Со мной стало делаться недавно странное и очень радостное — я стал чувствовать возможность всегдашней радости любви. Прежде я так был завален, задушен злом, окружающим и наполняющим меня, что я только рассуждал о любви, воображал ее, но теперь я стал чувствовать благость ее. Как будто из-под наваленных сырых дров изредка стали проскакивать струйки света и тепла; и я верю, знаю, чувствую любовь и благость ее. Чувствую то, что мешает, затемняет ее. Теперь я совсем по-новому сознаю свое недоброжелательство к кому-нибудь — к Тане было вчера, — я пугаюсь, чувствуя, что заслоняю себе тепло и свет. Кроме того, часто чувствую такую теплоту, что чувствую то, что, любя, жалея, не может прерваться состояние тихой радости жизни истинной. […]

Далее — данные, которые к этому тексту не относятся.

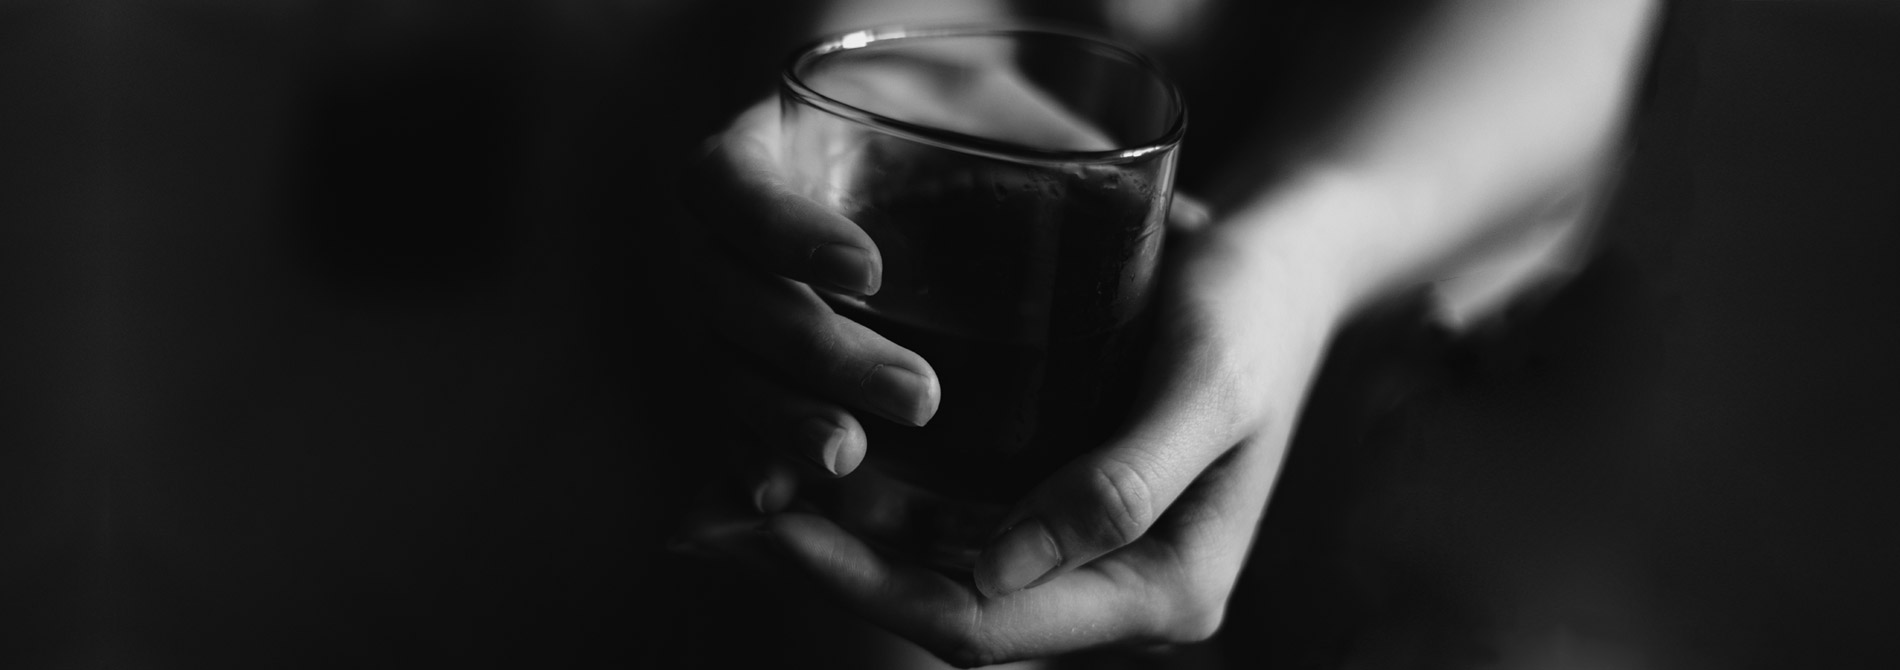 woman's hands holding a drink

25 января. 89. Москва. Проснулся рано. Думал, не только думал, но чувствовал, что могу любить и люблю заблудших, так называемых злых людей.

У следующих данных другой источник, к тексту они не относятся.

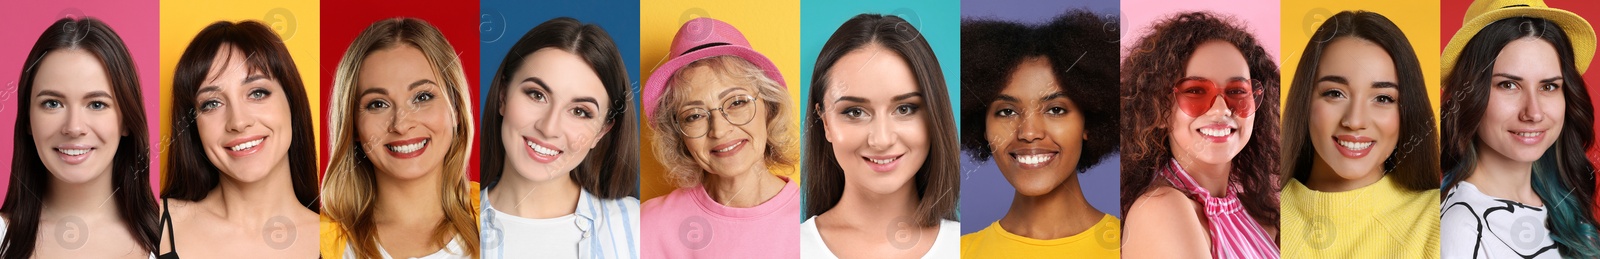 Image of Set with portraits of happy women on different color backgrounds

[…] Были доктора. Старались сделать ясным и определенным то, что неясно и неопределенно. Почти приговорили. Я пошел с Левой к Олсуфьевым. После обеда читал «Elsmere» и полученные письма и журналы. Пришел Дунаев, потом Семенов и Анненкова. Какая религиозная женщина! Спал у детей. Ваня как будто лучше.
Да, письмо от Черткова о допросе жандармами Макара и прославление имени бога.

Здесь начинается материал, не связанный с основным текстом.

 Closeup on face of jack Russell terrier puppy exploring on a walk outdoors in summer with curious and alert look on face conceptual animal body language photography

26 января. 89. [Москва. ] Рано проснулся, работал, топил. Потом читал. Пришел Дьяков, задушевный разговор, о том, что ему жить нечем, незачем, неизбежное впадение в детство. А хорошо говорил. Ванечке лучше. С Таней далеки стали. Мне больно.
Пошел за дровами. После обеда читал письма: одно бестолково враждебное, «зачем я говорю, отдай именье, а не отдаю». Все-таки было неприятно, но не столько неприятность, сколько путаница. Ванечке как будто лучше, но я чувствую, что плохо. Был Тимковский. Статья о Лондоне — не дурно. Сухотин. Вел себя порядочно — помнил, что они люди.
Лег рано. Письма из Америки о трезвости.
27 января. Москва. 89. Встал рано, наколол, затопил и, лежа в постели, думал. Да, вся беда в преждевременности, в уверенности в том, что сделал то, чего не сделал. Это с христианством вообще, это, в частности, с рабством. Уничтожили рабов — бумаги на владение рабами, но все-таки не только меняли каждый день белье, делали ванны, ездили в экипажах, обедали пять кушаний, живем в десяти комнатах и т. п., — все вещи, которых нельзя делать без рабов. Удивительно ясно, а никто не видит. […]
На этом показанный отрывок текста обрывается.